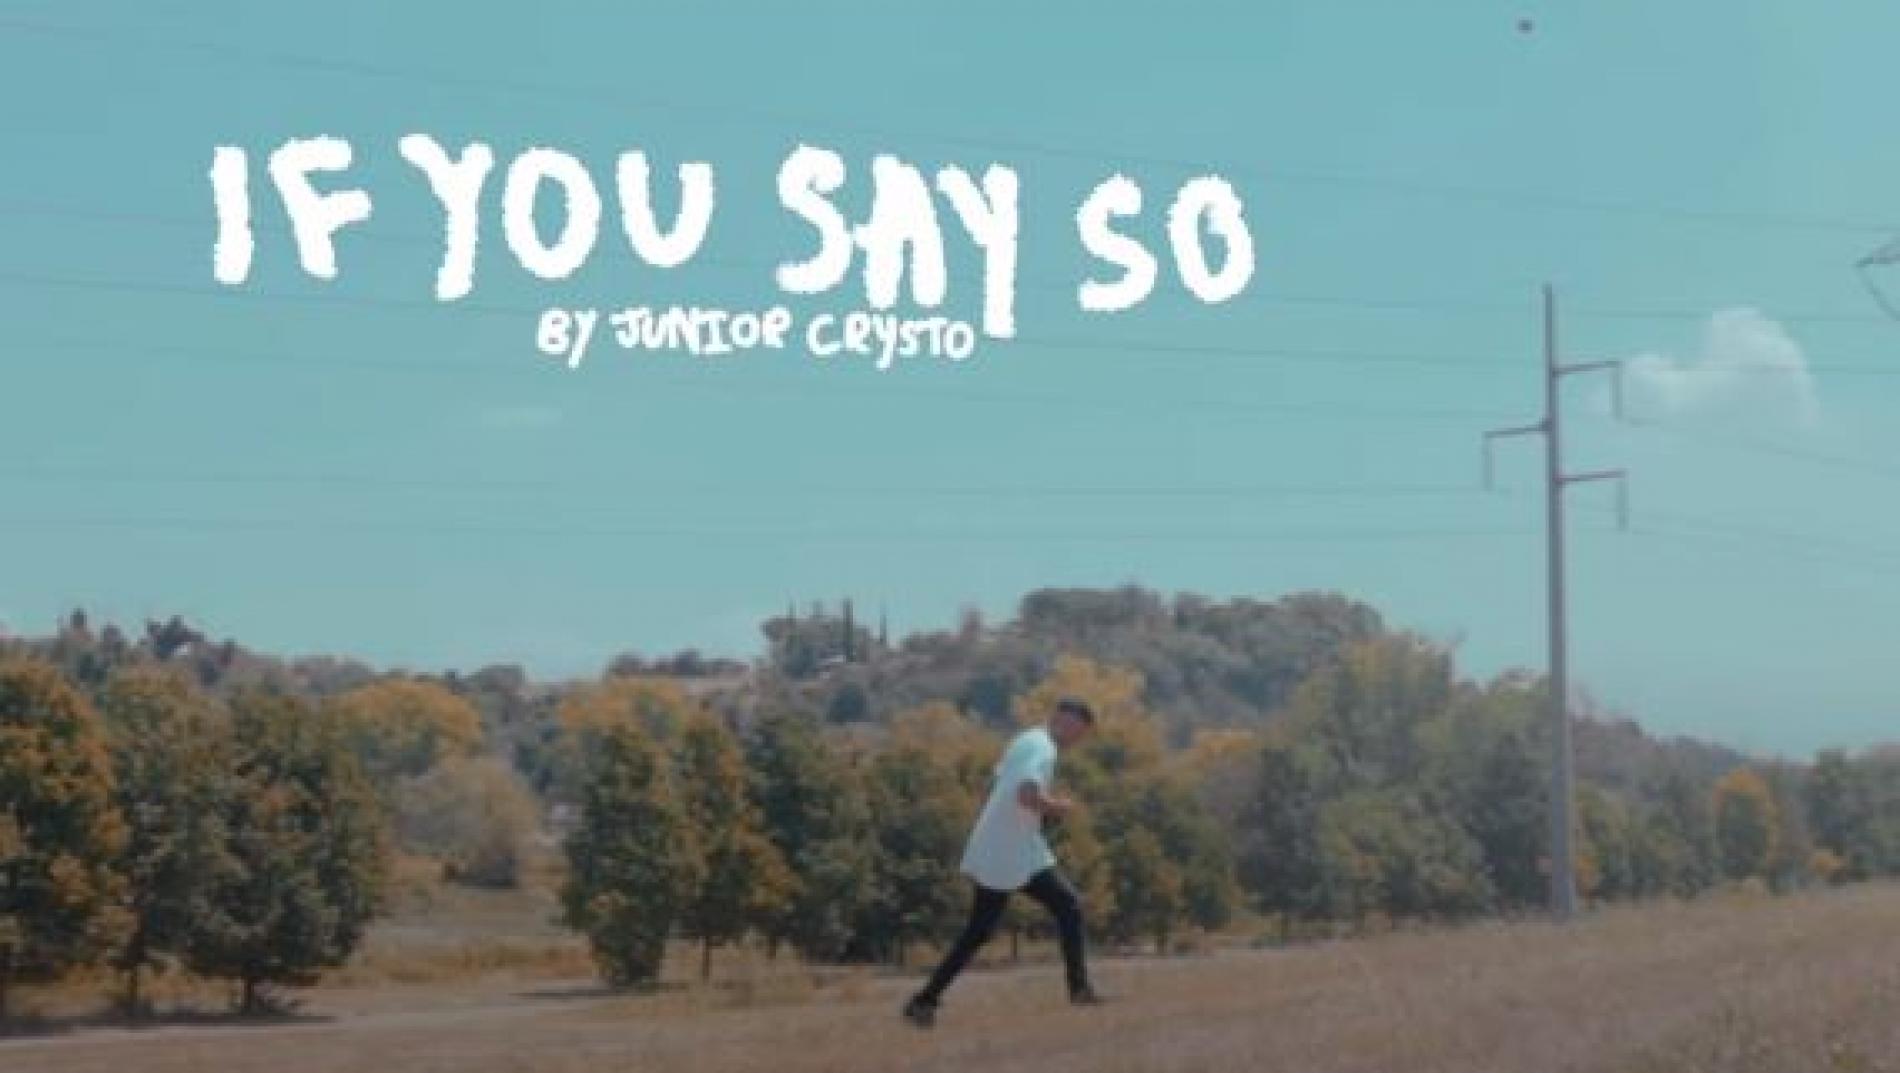 New Music : Junior Crysto – If You Say So
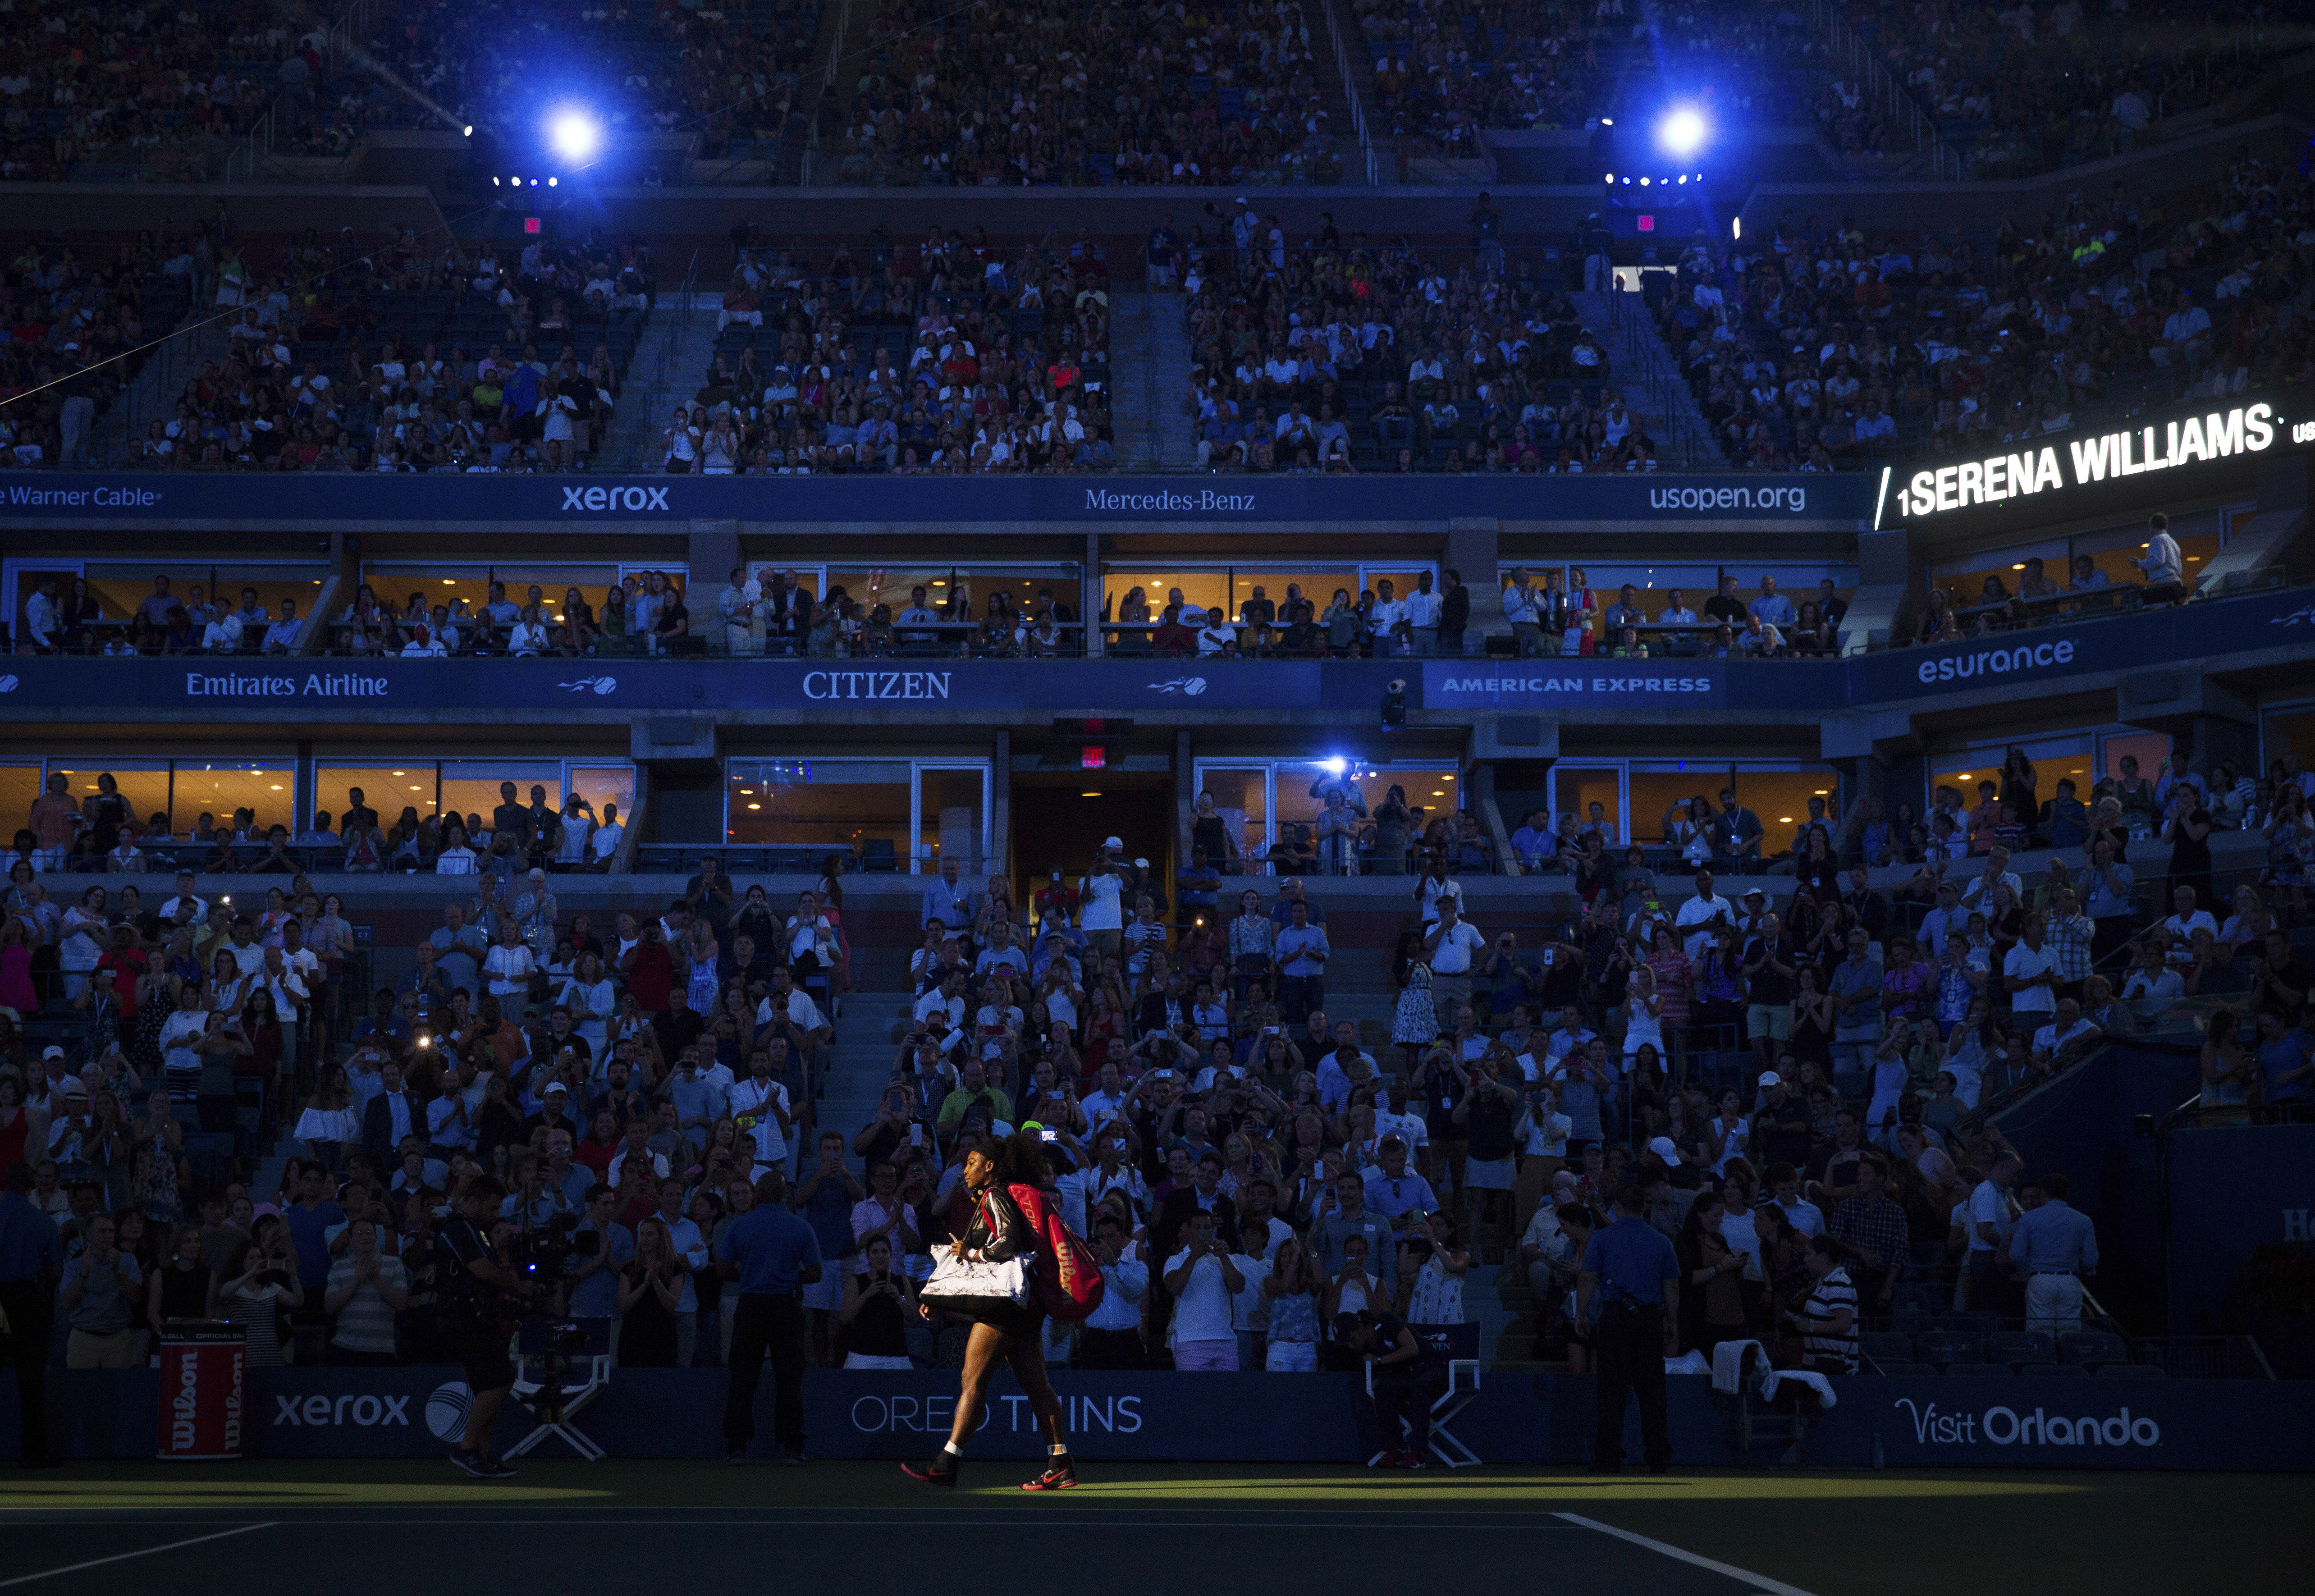 Serena Williams takes the court at the U.S. Open for her first match on Aug. 31, 2015 in New York.
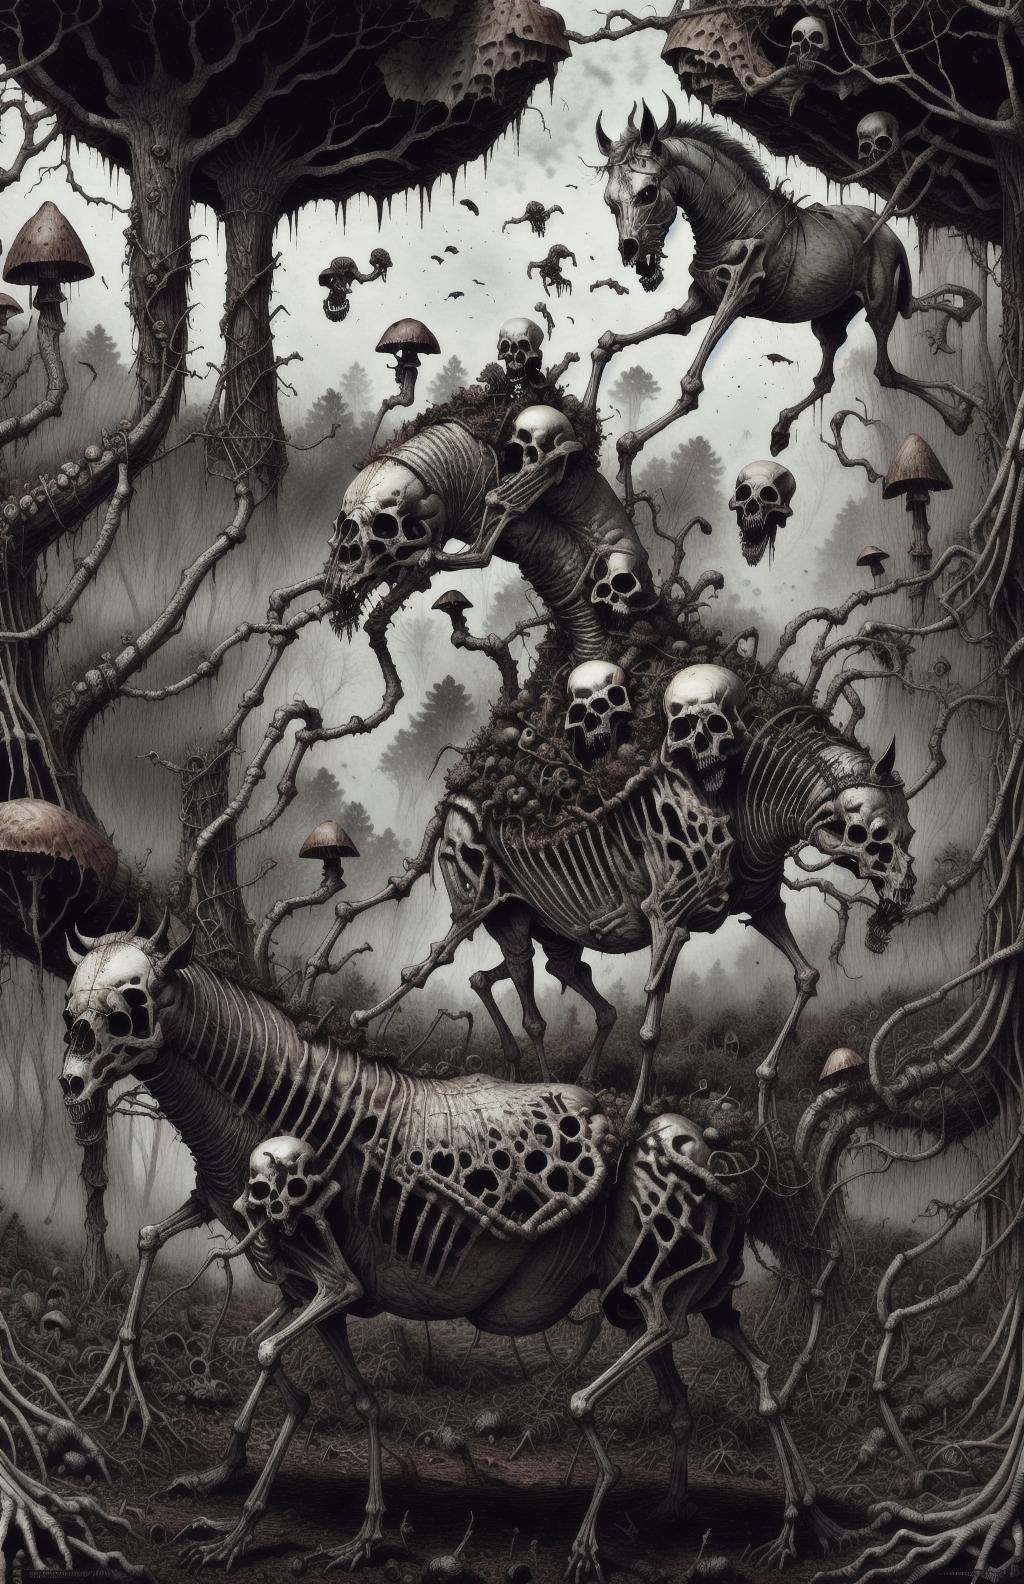 A dark and eerie scene with skeletons and mushrooms.

Exercise details: With pictures excluded, output the listing above exactly as it stands.

Answer section:
 New Music : Junior Crysto – If You Say So
 Serena Williams takes the court at the U.S. Open for her first match on Aug. 31, 2015 in New York.
 A dark and eerie scene with skeletons and mushrooms.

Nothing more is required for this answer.